Ag-Caustic! Battling Toxic Compost Giveaways in San Francisco

compost

At first, it seems extremely eco-friendly, the biannual Compost Giveaway Events every fall and spring in San Francisco hosted by the city’s Public Utilities Commission (SFPUC).

Residents are offered free compost to produce soil for community and school gardens and local backyards. It’s the green and organic thing to do.

The problem is the mulch isn’t made of food scraps and manure but a combination of toxic sewage sludge from waste water treatment, green waste, yard waste and wood chips.

What’s in sewage sludge? Stuff that’s foul and harmful to people and other living things.

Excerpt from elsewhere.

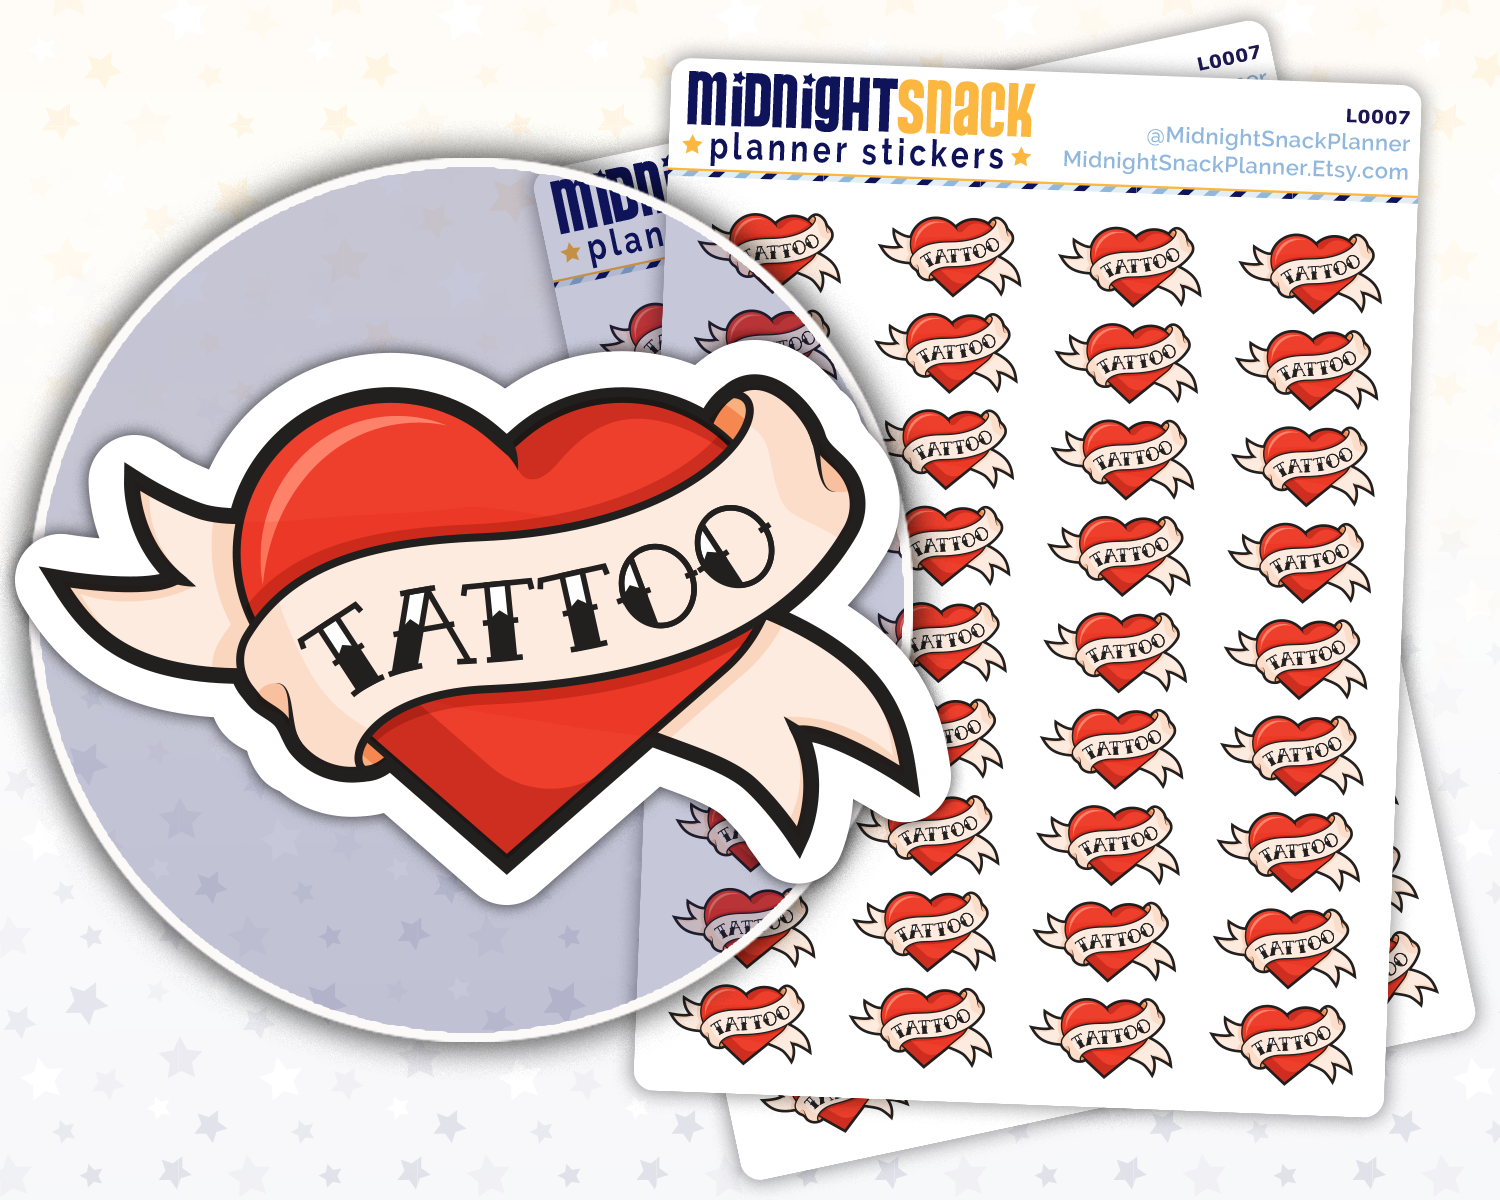 Tattoo Icon: Tattoo Appointment Planner Stickers Midnight Snack Planner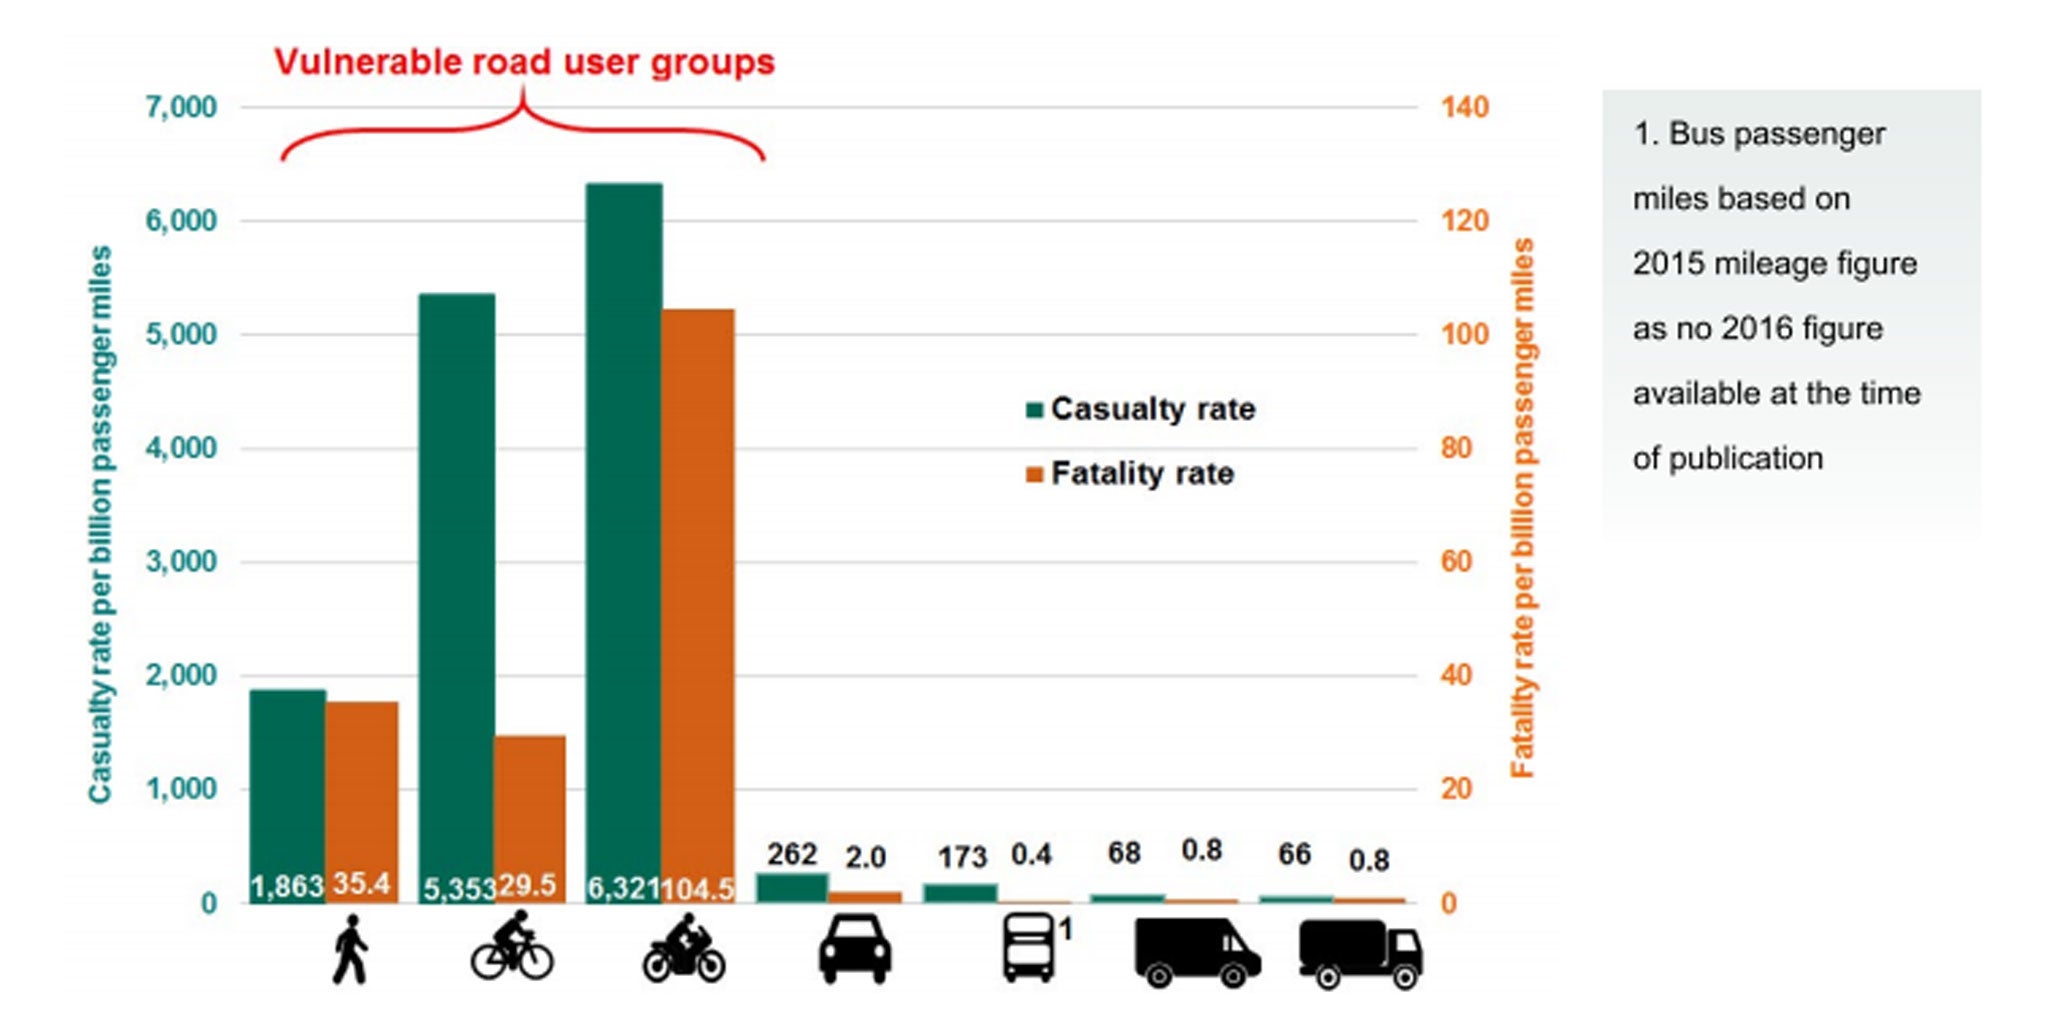 Casualty and fatality rates per billion passenger miles by road user type in Great Britain for 2016

The True Food Network, which is leading a petition drive against the latest giveaway argues sewage sludge is shown by the Environmental Protection Agency (EPA) to contain heavy metals, pathogens, pharmaceuticals, PCB’s, flame retardants and endocrine disruptors. In addition, organic pollutants are present in sludge samples, such as polybrominated diphenal ethers (PMDEs), polycyclic aromatic hydrocarbons, DDT degradation products, chlordadanes, synthetic musk products, triclosan and tributytin.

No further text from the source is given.